Earlier this week, we explored the idea that the market may be entering a kind of hall of mirrors—where stories, tools, and interpretations begin to reinforce each other, sometimes at the expense of deeper truth.
Today, I want to bring that conversation closer to home.
For many investors, the S&P 500 is the most trusted benchmark in the world. It feels familiar. Diversified. Representative of the U.S. economy.
But the truth is: the S&P 500 isn’t just reflecting the economy anymore. Increasingly, it may very well be reflecting itself.
Here’s what I mean:
The index is weighted by market capitalization—meaning the bigger a company becomes, the more influence it has on the whole index. Today, a small handful of companies account for a significant portion of the S&P’s total movement. Their growth isn’t just reflected by the index—it’s amplified by it.
And here’s the quiet shift:
As more and more money flows into passive strategies that track the index, those dollars go disproportionately to the companies that already dominate. This isn’t about performance or valuation. It’s about rules.
Now add to that the role of AI and automated narratives.
As tools summarize, amplify, and even subtly shape the way we talk about “the market,” the stories most repeated tend to be the ones most believed. The attention follows the story. The dollars follow the attention. The index responds to the dollars.
It’s not a conspiracy.
It’s momentum—coded into the very structure of how we invest.

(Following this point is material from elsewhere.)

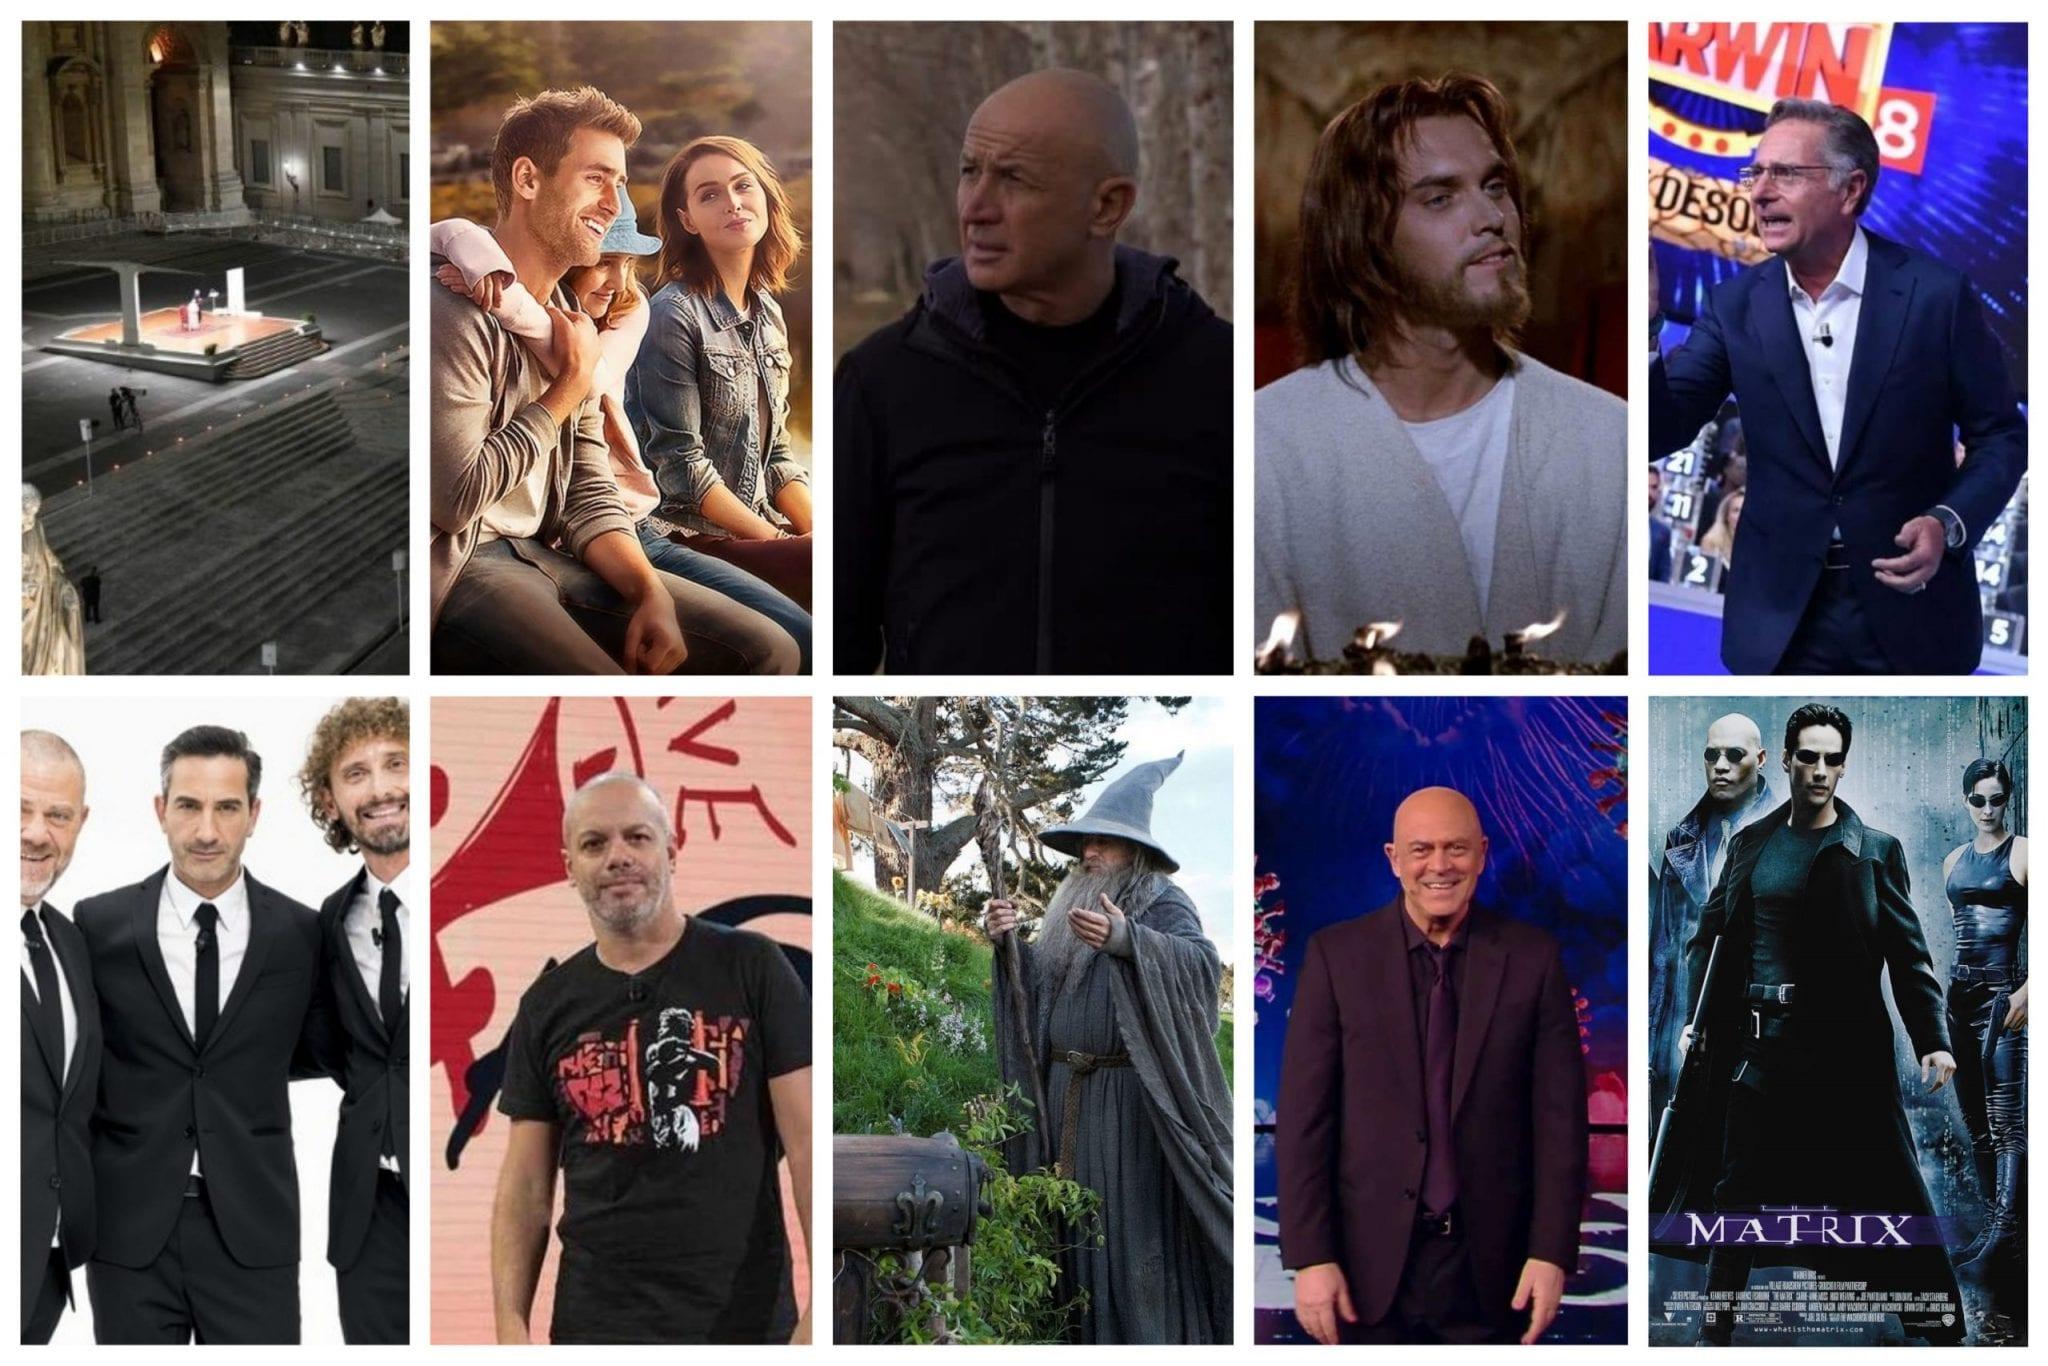 GuidaTV 2 Aprile 2021: Il Rito della Via Crucis, Ciao Darwin, Le Iene, Quello che veramente importa, Il Re dei Re, L'Odissea, Propaganda Live, Matrix
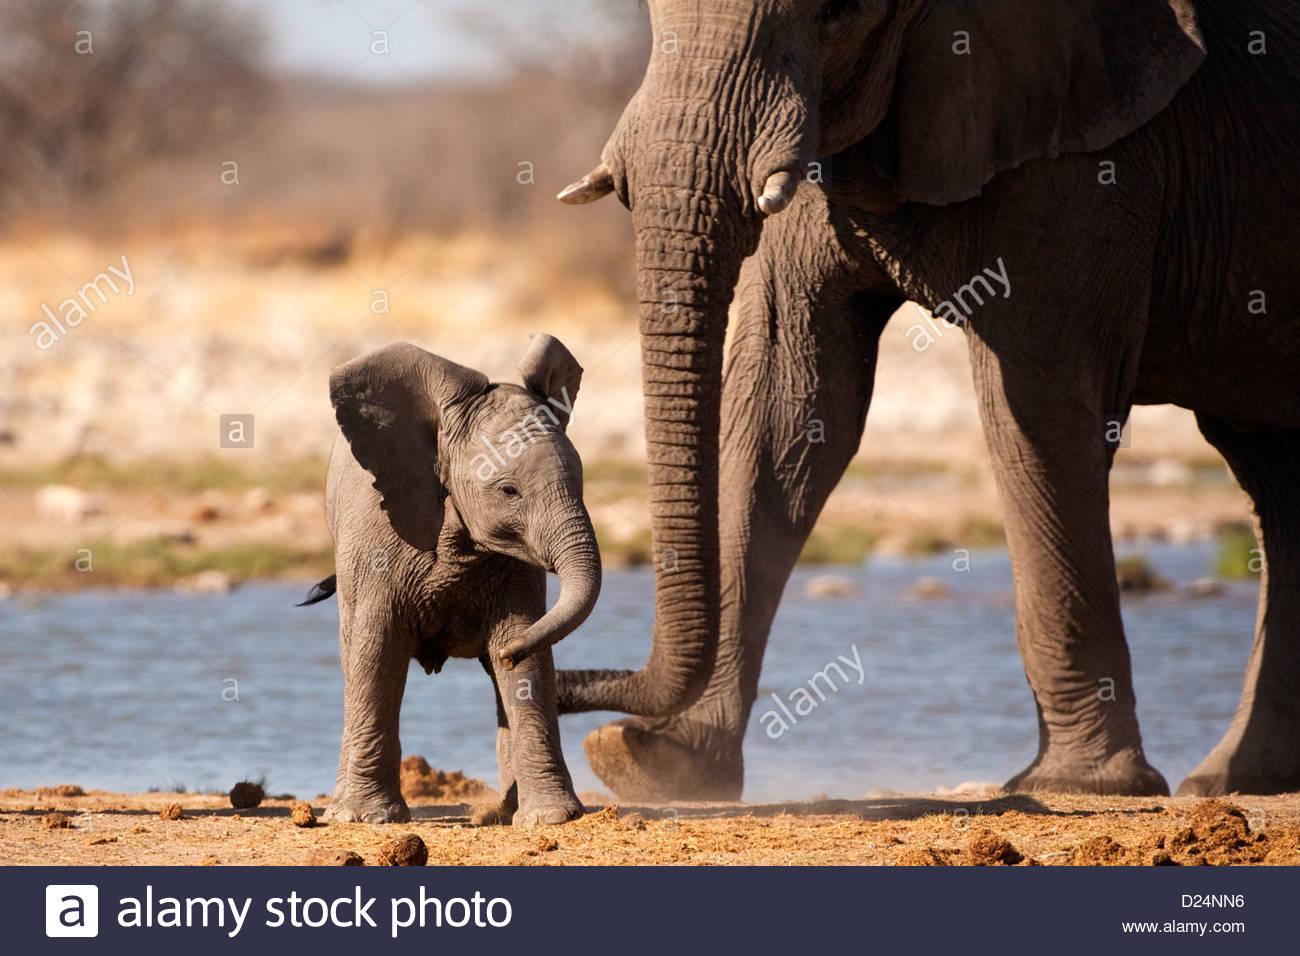 Elefante Africano Loxodonta africanus, madre elefante bebé ayudando a caminar Imagen De Stock

This is how the S&P 500, once a benchmark, can quietly become a mirror.
So what does this mean for us?
It means we need to stay curious.
The S&P 500 still has value—but it’s not a neutral snapshot. It’s a living, breathing reflection of flows, sentiment, structure, and attention. Understanding that allows us to use it wisely, not blindly.
At Somerset, this is why we believe so deeply in frameworks.
Not just asset allocations, but actual thought frameworks—ways to understand what you own and why. This is why we tier risk for each client based on volatility and separately, liquidity.
We are not interested in chasing what’s loudest.
We’re interested in building what (we believe) will last.
This means building portfolios that reflect your values, your goals, and your horizon—not just the weightings of an index that may (before long) be chasing its own tail.
We’ll continue using the greatest tools available, including AI when appropriate, to help us ask better questions and see patterns more clearly. But we will never let the tools outrun our discernment. That is our responsibility to you.
That’s the work. And we’re honored to do it with you.